15th Bharangam Diary: notes, rants and experiences

DAY 9: 13th Jan 2013

A very promising day was on offer with Badal Sircar and Shakespeare at the helm. And to top that, the extra tickets we had because of a certain someone who chooses only the best-play-days to remain absent, were sold even before we reached the auditorium. People love watching Hindi plays here at NSD, and you really cannot blame them because the non-Hindi ones have such shoddy subtitles.

Teesveen Shatabdi

Script: Badal Sircar

Director: Avneesh Mishra (Rangshila Cultural & Development Society, Mumbai)

This play is more or less an interesting history lesson about the atomic bombings in Japan. The plot pans out as an investigative ‘court room’ drama where the dead American army men, their family members, Japanese doctors of the time, and even Einstein are called from their graves to explain, interpret and retrospect their actions. The 20th century tries to tell the 30th century that they were not devilish, at least not completely so, and were acting out of duty/beliefs of the time.

Use of multimedia was impactful but sound needed an equal fervour. The stageplay was repetitive and the actors did not really do justice to the intensely written roles. Even veterans like Tom Alter looked jaded, but then maybe it’s just the age.

Call it a personal opinion but no Sircar play should be typically proscenium (even his earlier work, like this, which was intended for the proscenium stage). He was not a poet. His plays are the most suited to interpretation and must be ‘played’ around with.

Piya Behroopiya

Based on: Shakespeare’s Twelfth Night (text)

Adaptation: Amitosh Nagpal

Director: Atul Kumar (The Company Theatre, Mumbai)

Shakespeare has become redundant. Theatre can very easily live without him, and better for it. There are millions of theses on him and his work, there are films and plays in every language and form imaginable (even Godard has made a King Lear), there are courses and theatre schools designed around him and like celebrities of today he has even been accused of plagiarism.

The man is as popular today as he was in the 17th century.

No. He isn’t.

The biggest achievement of Shakespeare’s was that his productions were so popular with the masses. The people loved his creations. With all the genius of word-play and political allusions, he still made a connect with his audience. Piya Behroopiya did exactly that. It created an atmosphere of triumph inside the vast Kamani auditorium and the people were hooting, whistling, clapping and even singing with the actors. And the meaning of the play was not lost on anyone. The absurdity of the twins, the buffoonery of the ‘fool’ and the tug-of-war between ignorance and sophistication were all present. It was a spectacle that at times derided Shakespeare and at other times borrowed from some of his other works (the ‘what’s in a name’ routine followed by Olivia’s loving laments of Cejario was particularly clever and hilarious). It was casual and free-spirited, agreed, but then this was Twelfth Night not Macbeth.
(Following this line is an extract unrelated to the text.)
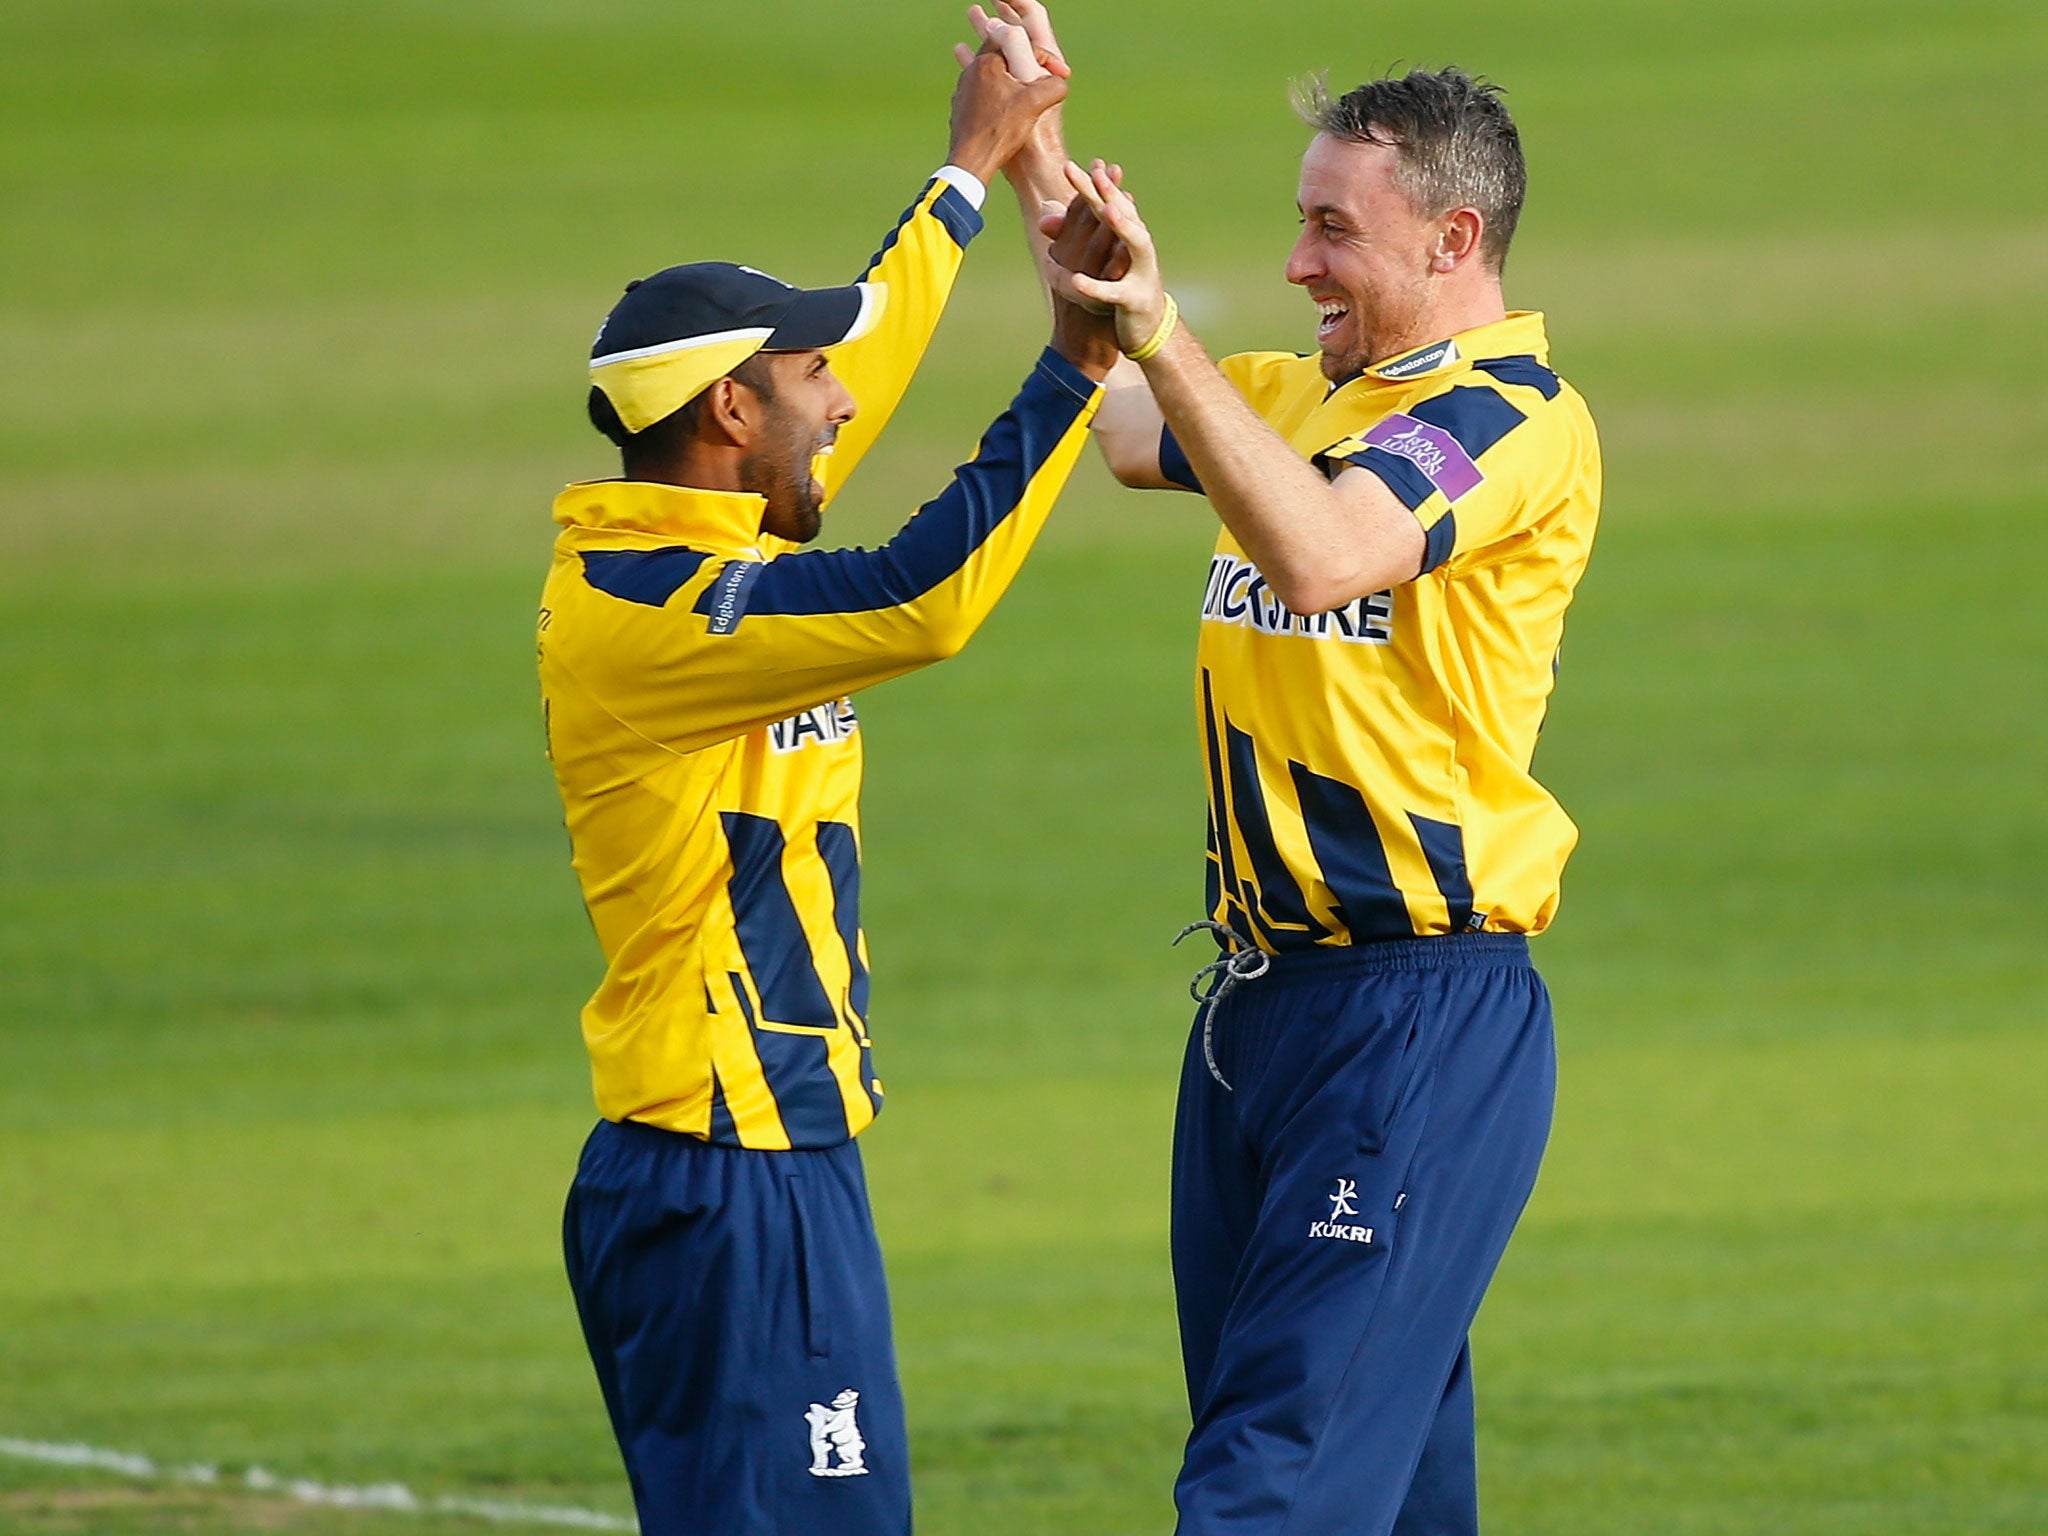 Warwickshire's Rikki Clarke (right) celebrates with team-mate Varun Chopra after he dismissed Tom Westley of Essex during the Royal London One-Day Cup quarter final

This is at least a 10-15 stagings old production but the actors, each one of them, were refreshingly spontaneous. Music was exceptionally detailed, and live. The singing was according to the requirement, at times funny and in jest but at other times steady and fine.

Adapting a Shakespeare into another language is always difficult because of the simple fact that the original prose and poetry is far too good. Amitosh Nagpal was helped a great deal by the inane nature of the original text but that does not take anything away from his marvellous effort (Looking forward to his future adaptations/creations).

Badal Sircar proposed the concept of ‘third theatre’ wherein the action is more realistic and the audiences are more involved. Atul Kumar managed to present a play that struck really close to this thought of Sircar’s. If such a form of popular, acceptable and Bharatiya/Indian theatre can be taken beyond the slapstick, into the realm of the contemporarily political, it might just herald a movement. And with such an excellent team, The Company Theatre can surely work in this direction, but only if they are not restless, like the rest of the world, for rapid evolution.